\documentclass{article}
\usepackage{../style}
\begin{document}
\section*{Handout 7 (Privacy)}
The first motor car was invented around 1886. For ten years,
until 1896, the law in the UK and elsewhere required a person
to walk in front of any moving car waving a red flag. Cars
were such a novelty that most people did not know what to make
of them. The person with the red flag was intended to warn the
public, for example horse owners, about the impending
novelty---a car. In my humble opinion, we are at the same
stage of development with privacy. Nobody really knows what it
is about or what it is good for. All seems very hazy. There
are a few laws (cookie law, right-to-be-forgotten) which
address problems with privacy, but even if they are well
intentioned, they either back-fire or are already obsolete
because of newer technologies. The result is that the world of
``privacy'' looks a little bit like the old Wild West.
For example, UCAS, a charity set up to help students to apply
to universities, has a commercial unit that happily sells your
email addresses to anybody who forks out enough money in order
to be able to bombard you with spam. Yes, you can opt out very
often in such ``schemes'', but in case of UCAS any opt-out
will limit also legit emails you might actually be interested
in.\footnote{The main objectionable point, in my opinion, is
that the \emph{charity} everybody has to use for HE
applications has actually very honourable goals (e.g.~assist
applicants in gaining access to universities), but in their
small print (or better under the link ``About us'') reveals
they set up their organisation so that they can also
shamelessly sell email addresses they ``harvest''. Everything
is of course very legal\ldots{}moral?\ldots{}well that is in
the eye of the beholder. See:
\url{http://www.ucas.com/about-us/inside-ucas/advertising-opportunities}
or
\url{http://www.theguardian.com/uk-news/2014/mar/12/ucas-sells-marketing-access-student-data-advertisers}}
Another example: Verizon, an ISP who is supposed to provide
you just with connectivity, has found a ``nice'' side-business
too: When you have enabled all privacy guards in your browser
(the few you have at your disposal) Verizon happily adds a
kind of cookie to your
HTTP-requests.\footnote{\url{http://webpolicy.org/2014/10/24/how-verizons-advertising-header-works/}}
As shown in the picture below, this cookie will be sent to
every web-site you visit. The web-sites then can forward the
cookie to advertisers who in turn pay Verizon to tell them
everything they want to know about the person who just made
this request, that is you.
\begin{center}
\includegraphics[scale=0.19]{../pics/verizon.png}
\end{center}
\noindent How disgusting? Even worse, Verizon is not known for
being the cheapest ISP on the planet (completely the
contrary), and also not known for providing the fastest
possible speeds, but rather for being among the few ISPs in
the US with a quasi-monopolistic ``market distribution''.

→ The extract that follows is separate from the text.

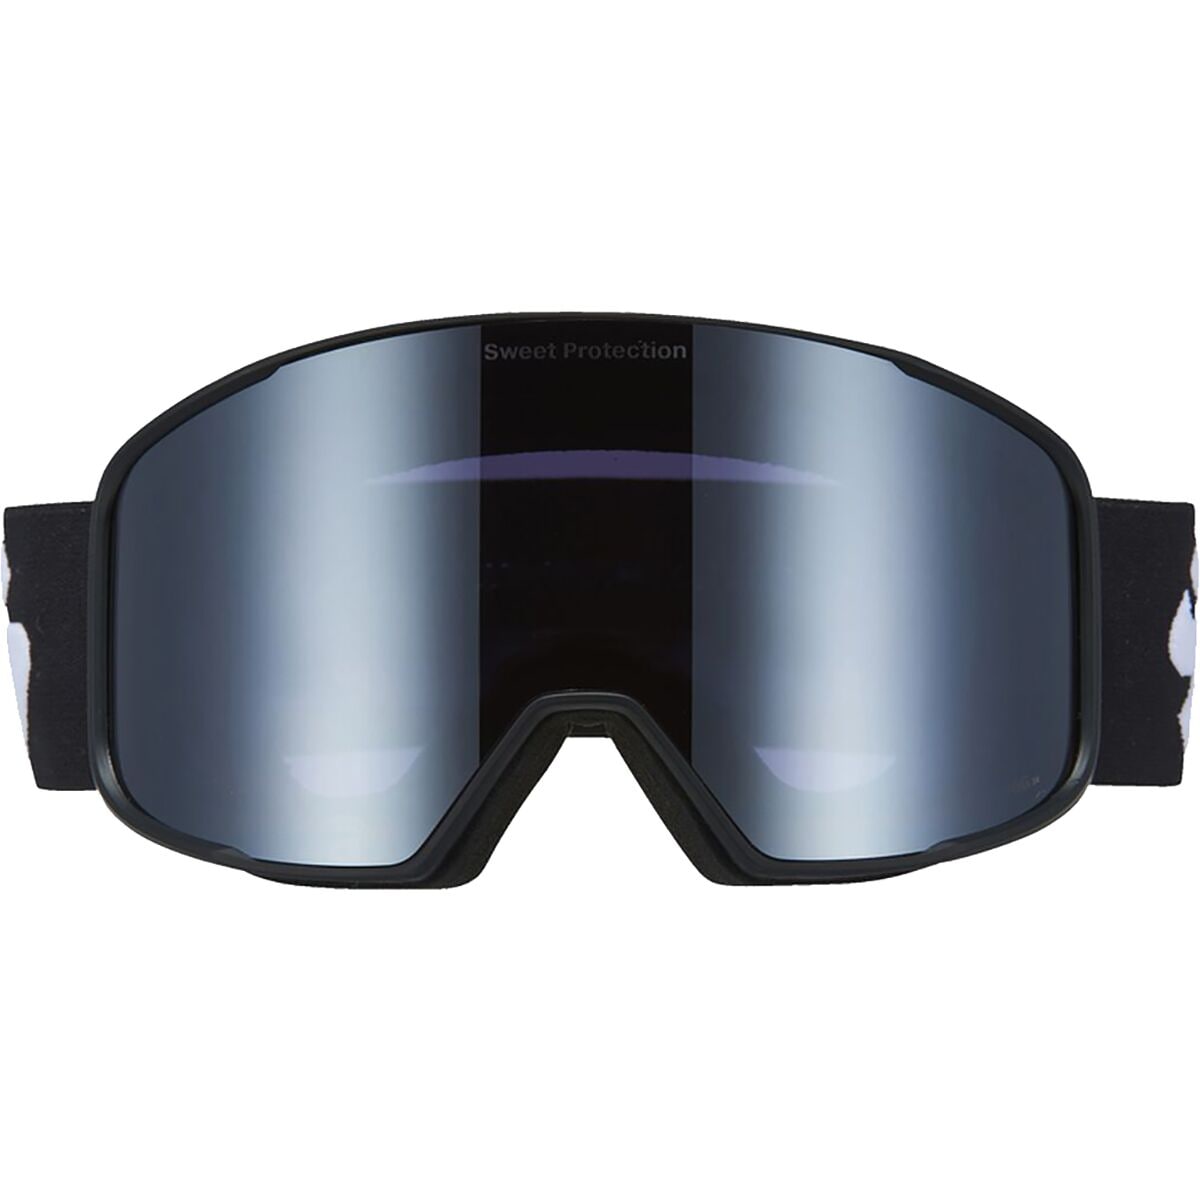  Sweet Protection Boondock RIG Reflect Goggles

Well, we could go on and on\ldots{}and that has not even
started us yet with all the naughty things NSA \& Friends are
up to. Why does privacy actually matter? Nobody, I think, has
a conclusive answer to this question yet. Maybe the following
four notions help with clarifying the overall picture
somewhat:
\begin{itemize}
\item \textbf{Secrecy} is the mechanism used to limit the
number of principals with access to information (e.g.,
cryptography or access controls). For example I better
keep my password secret, otherwise people from the wrong
side of the law might impersonate me.
\item \textbf{Confidentiality} is the obligation to protect
the secrets of other people or organisations (secrecy
for the benefit of an organisation). For example as a
staff member at King's I have access to data, even
private data, I am allowed to use in my work but not
allowed to disclose to anyone else.
\item \textbf{Anonymity} is the ability to leave no evidence of
an activity (e.g., sharing a secret). This is not equal
with privacy---anonymity is required in many
circumstances, for example for whistle-blowers,
voting, exam marking and so on.
\item \textbf{Privacy} is the ability or right to protect your
personal secrets (secrecy for the benefit of an
individual). For example, in a job interview, I might
not like to disclose that I am pregnant, if I were
a woman, or that I am a father. Similarly, I might not
like to disclose my location data, because thieves might
break into my house if they know I am away at work.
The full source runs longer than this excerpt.